Чтение онлайн

на главную

Жанры

Шрифт:

Еще о сатирической технике. Надо даже то, что ты любишь, так точно проанализировать и изучить, чтобы оно предстало в ироническом освещении.

[1929.] Заратустра, одинокий глашатай с гор, - это все-таки не для меня. Но как иначе совладать с миром, не имеющим твердой точки опоры, откуда приступиться к нему? Я не понимаю его - в этом вся суть!

4 февраля 1930 года. Вчера вечером опять читал Жида. У меня такое впечатление, что французские ландшафты, описываемые им и Бернаносом, страна моих мечтаний, хотя в случае с Бернаносом это трудно понять, потому что он избрал ландшафт скорее неприглядный. Глухая, неприглядная земля. Но потом я подумал, что, родись я и вырасти там, я бы, возможно, эту землю любил, и вздумай

я потом ее изобразить, она получилась бы красивой. Так я пришел к мысли, что все, что ты любишь, в искусстве обретает красоту. Красота - это не что иное, как выражение того, что ты что-то любил. Только так ее и можно определить. И потому нарастание сатирической настроенности очень опасно. А красота связана с "иным состоянием" - даже если предпосылкой ее является чисто "цивилизованная" любовь.

12 февраля 1930 года. В главе 61-й "Человека без свойств" (кн. 1) я выдвигаю требование - жить по принципу максимальных притязаний; это требование я всегда применял и к своему писательскому ремеслу!

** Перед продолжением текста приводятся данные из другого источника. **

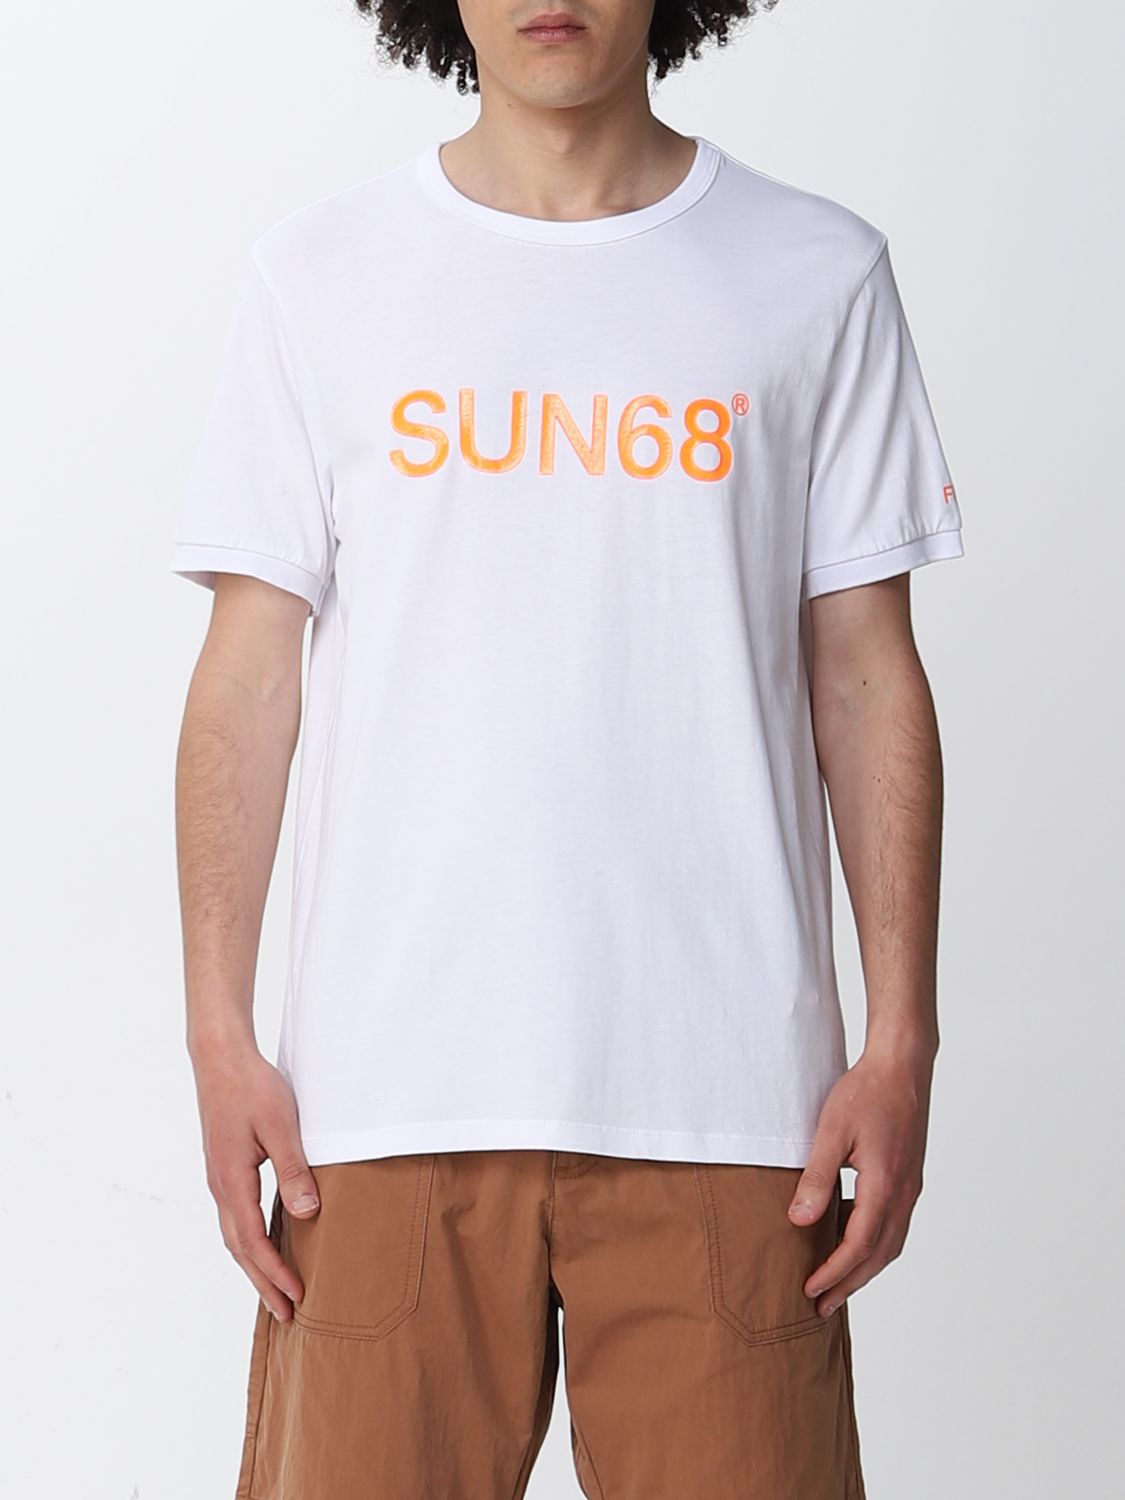 T-Shirt Sun 68: Sun 68 Herren T-Shirt weiß 1

[Ноябpь 1932 года.] Хорошо написано то, что через некоторое время предстает перед тобой как совершенно незнакомое; второй раз такого не сделаешь.

1934. К вопросу о кризисе романа. Говорят, мы должны рассказывать так, как больной о беседе с врачом (тогда успех нам обеспечен). А почему не так, как врачи в беседе друг с другом или по крайней мере как врач, просвещающий больного? Должны вот так, а не так и не так. Почему, собственно?

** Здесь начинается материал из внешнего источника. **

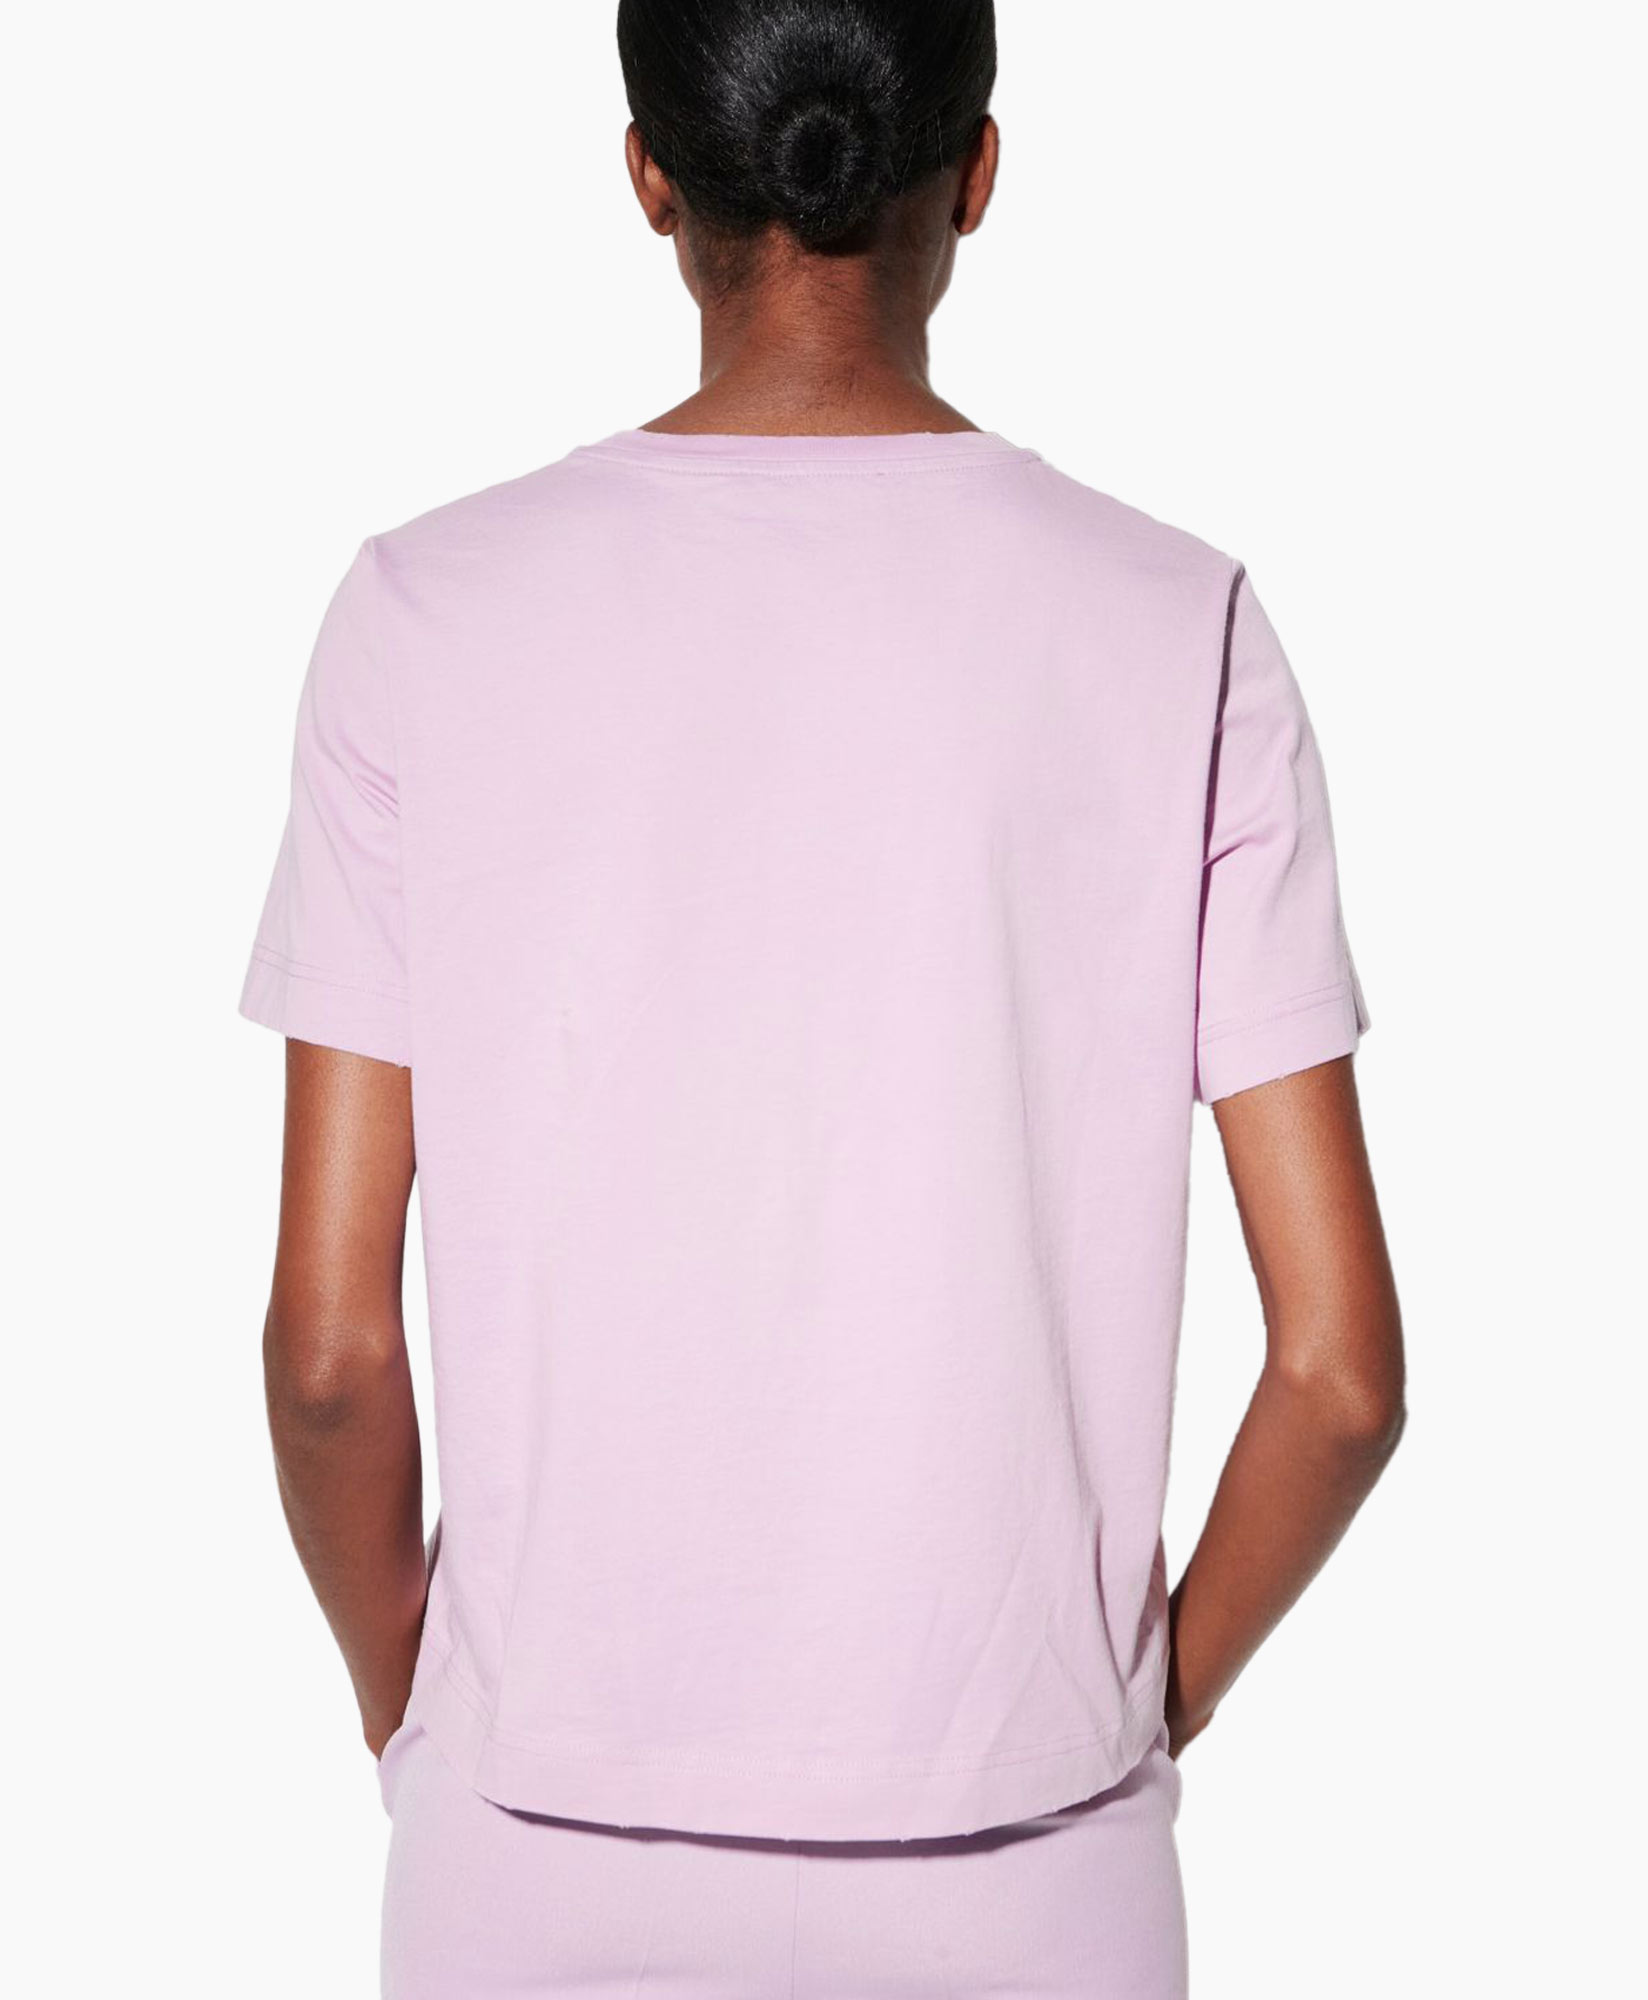 T-shirt Korte Mouw 398104/7799-0 Lavendel

[Август 1936 года.] Мораль Толстого и моя работа (помечаю это сразу, чтобы не забыть). Мораль в "Воскресении" не безупречна; как теоретик он мыслит даже более расплывчато, чем обычно. Я считаю свою собственную постановку проблемы правомерным продолжением (любовь к ближнему и т. д.). Но: он ищет не теорию, он ищет ответа на вопросы, которые потрясают все его существо! Эта человечность захватывает и увлекает людей, даже если они не испытывают склонности к подобным рассуждениям. И, строго говоря, в таком случае все равно, в какой степени эти рассуждения справедливы.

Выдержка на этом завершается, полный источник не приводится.